Task description: Word for word, copy the line that contains "Mechanical Engineering Cover" and each line after it in the data below. Pictures stay out of the copy.

Data:
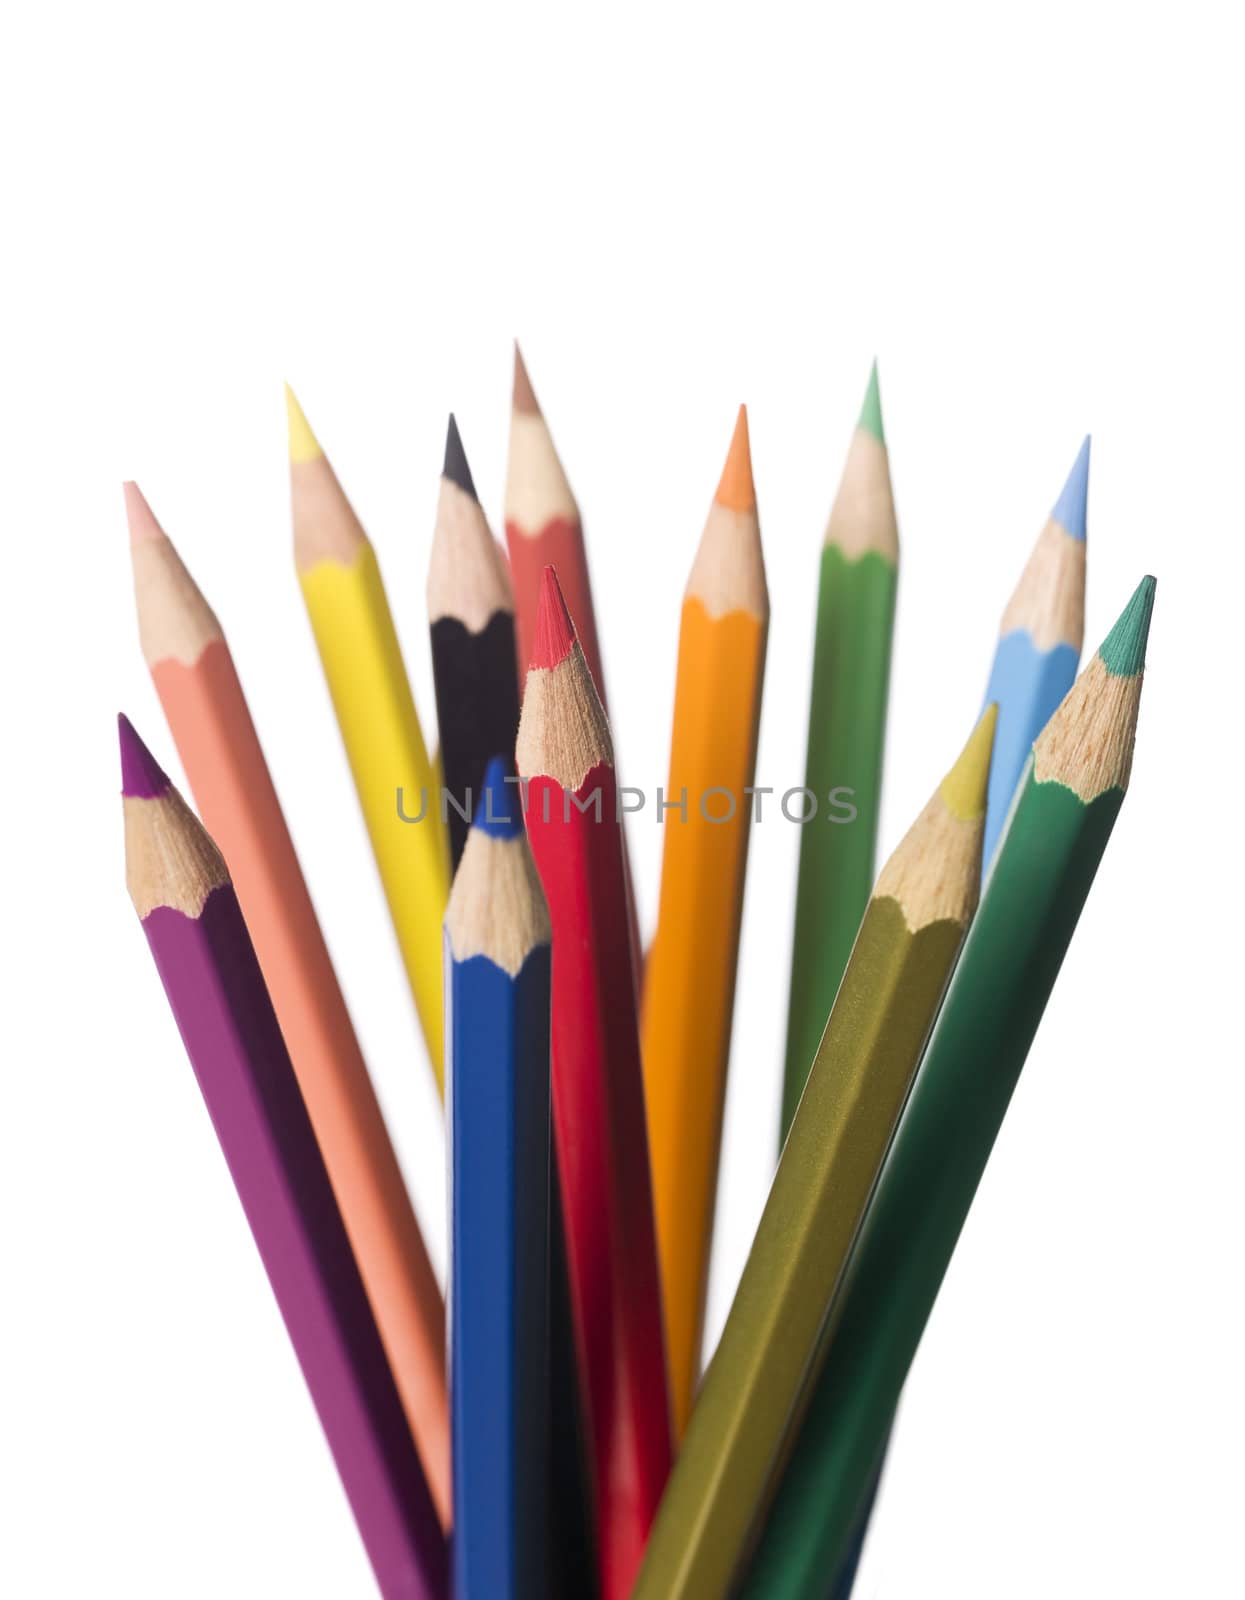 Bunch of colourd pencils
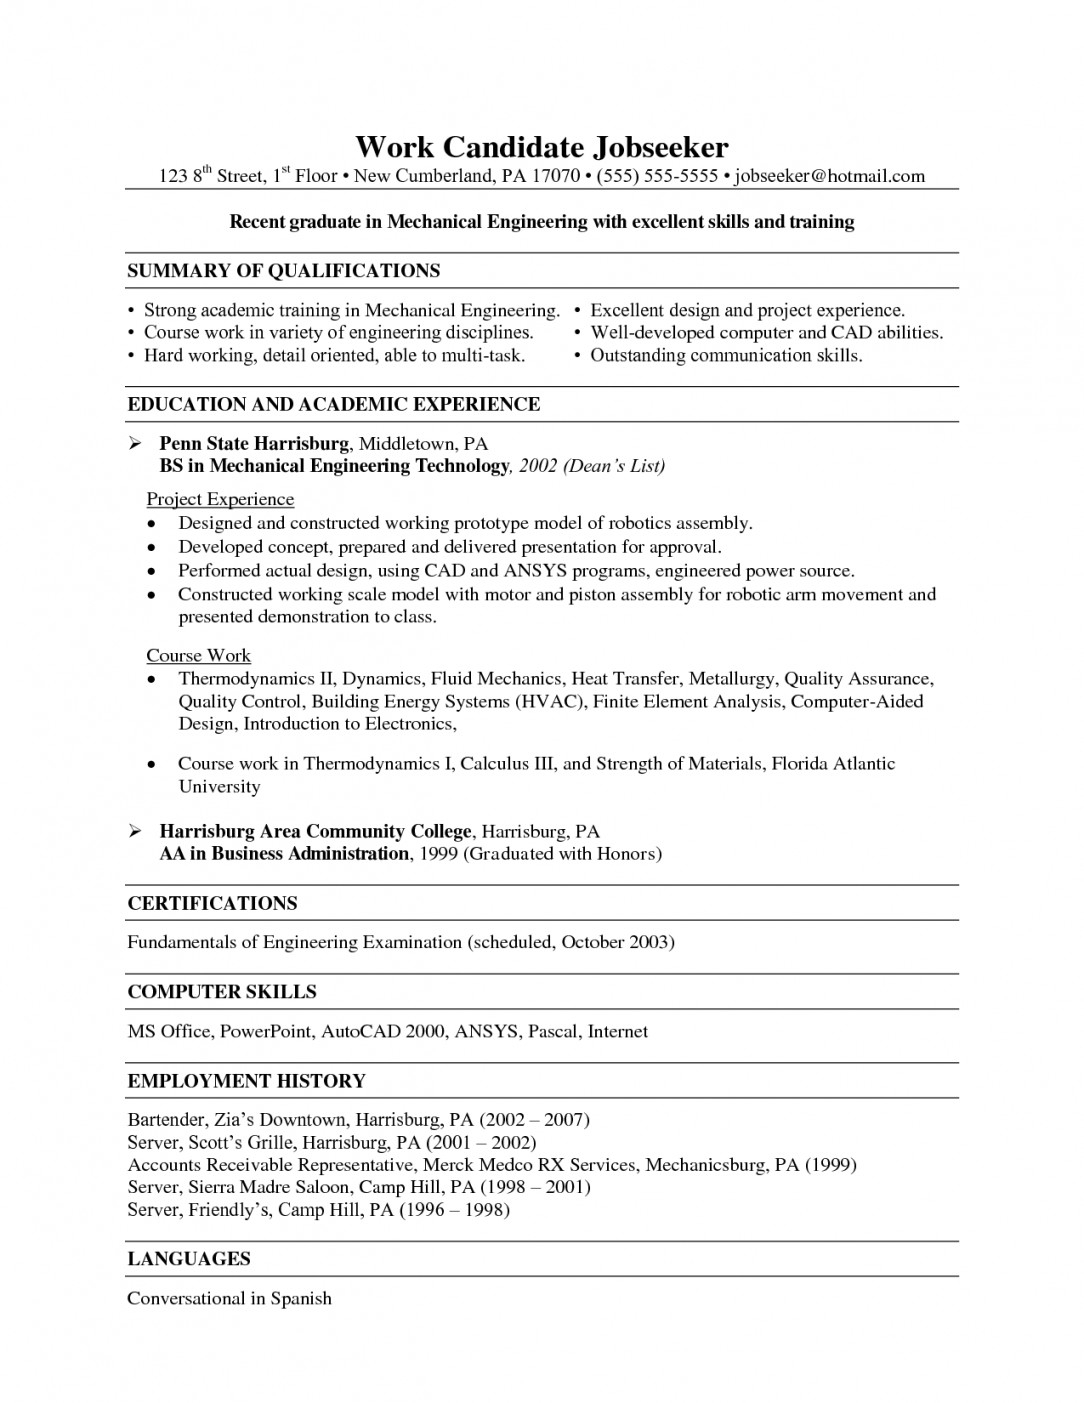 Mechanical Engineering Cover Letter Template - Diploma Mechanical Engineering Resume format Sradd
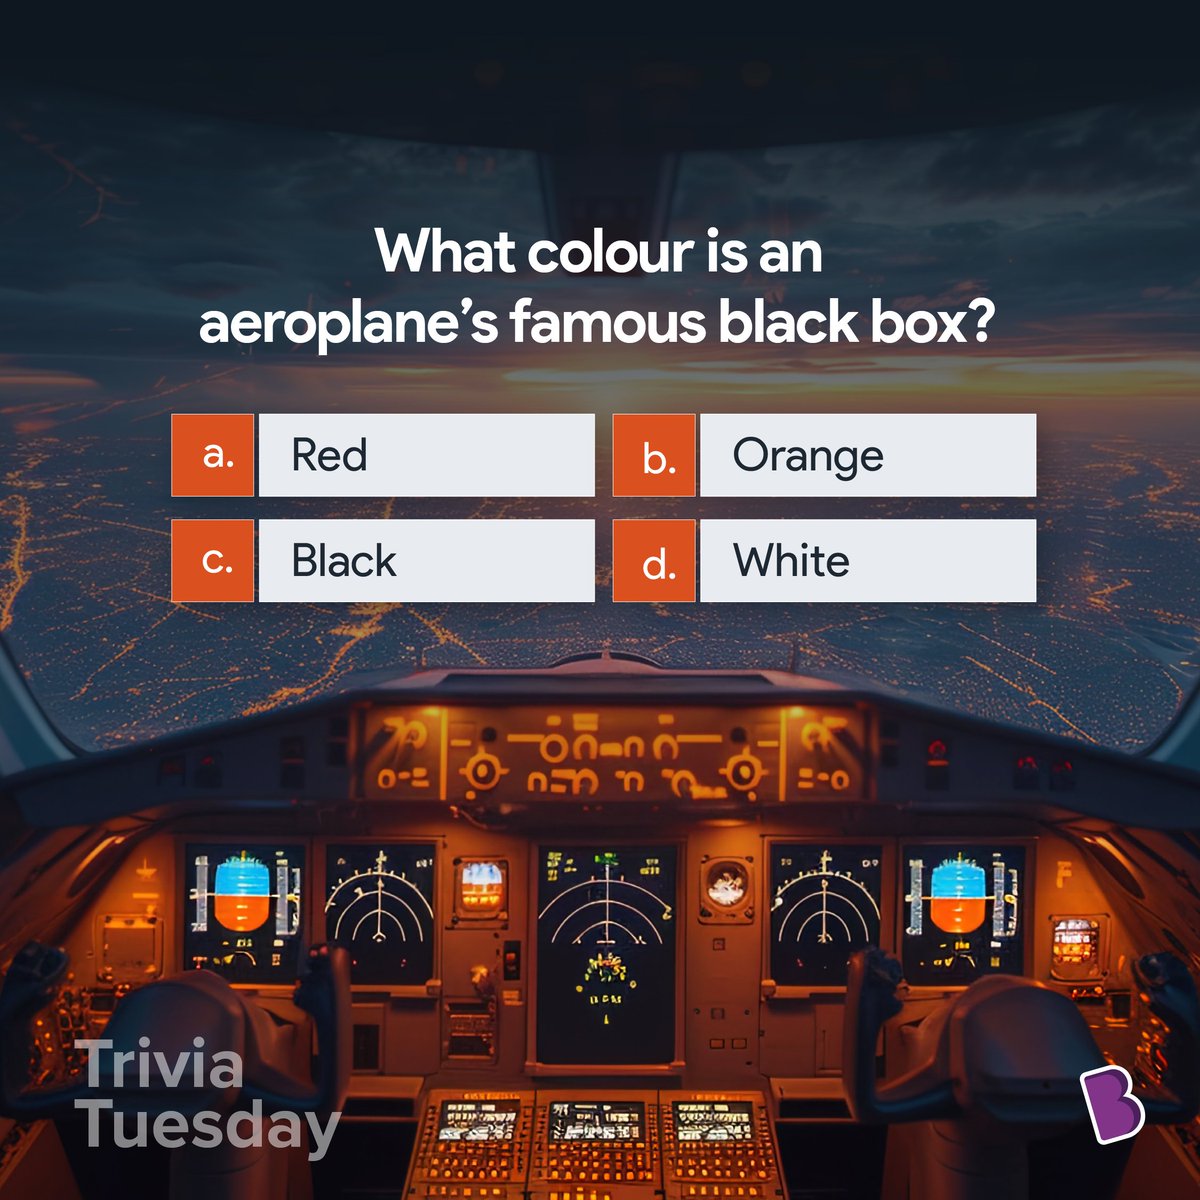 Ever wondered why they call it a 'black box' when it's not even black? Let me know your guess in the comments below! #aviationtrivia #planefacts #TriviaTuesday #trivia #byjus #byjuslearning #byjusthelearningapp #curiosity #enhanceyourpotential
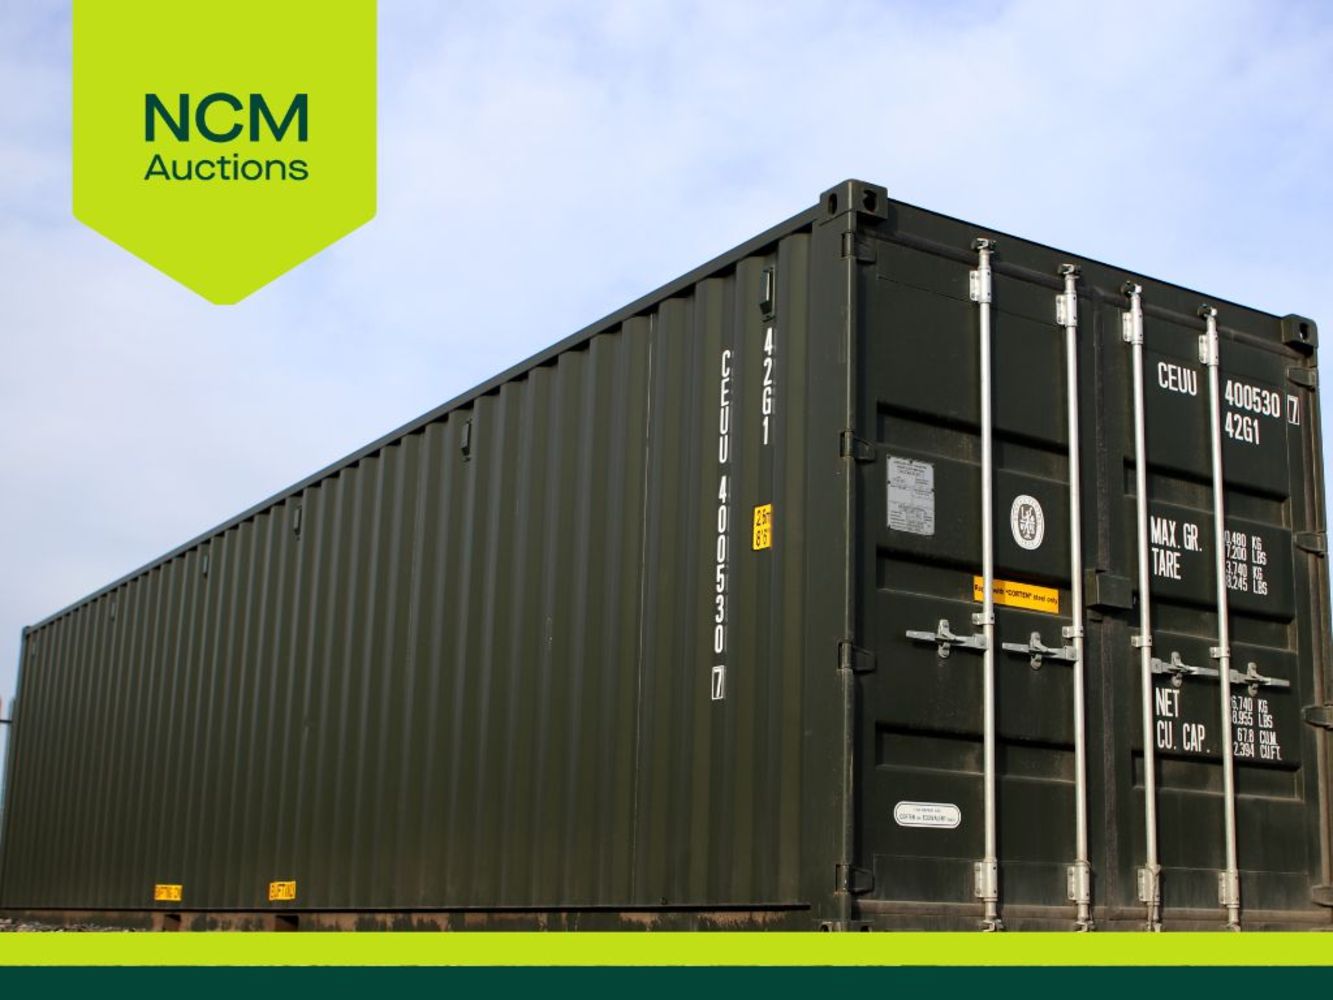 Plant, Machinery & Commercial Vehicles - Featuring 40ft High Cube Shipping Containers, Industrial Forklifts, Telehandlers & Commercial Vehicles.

Response area:
 Mechanical Engineering Cover Letter Template - Diploma Mechanical Engineering Resume format Sradd
 Ever wondered why they call it a 'black box' when it's not even black? Let me know your guess in the comments below! #aviationtrivia #planefacts #TriviaTuesday #trivia #byjus #byjuslearning #byjusthelearningapp #curiosity #enhanceyourpotential
 Plant, Machinery & Commercial Vehicles - Featuring 40ft High Cube Shipping Containers, Industrial Forklifts, Telehandlers & Commercial Vehicles.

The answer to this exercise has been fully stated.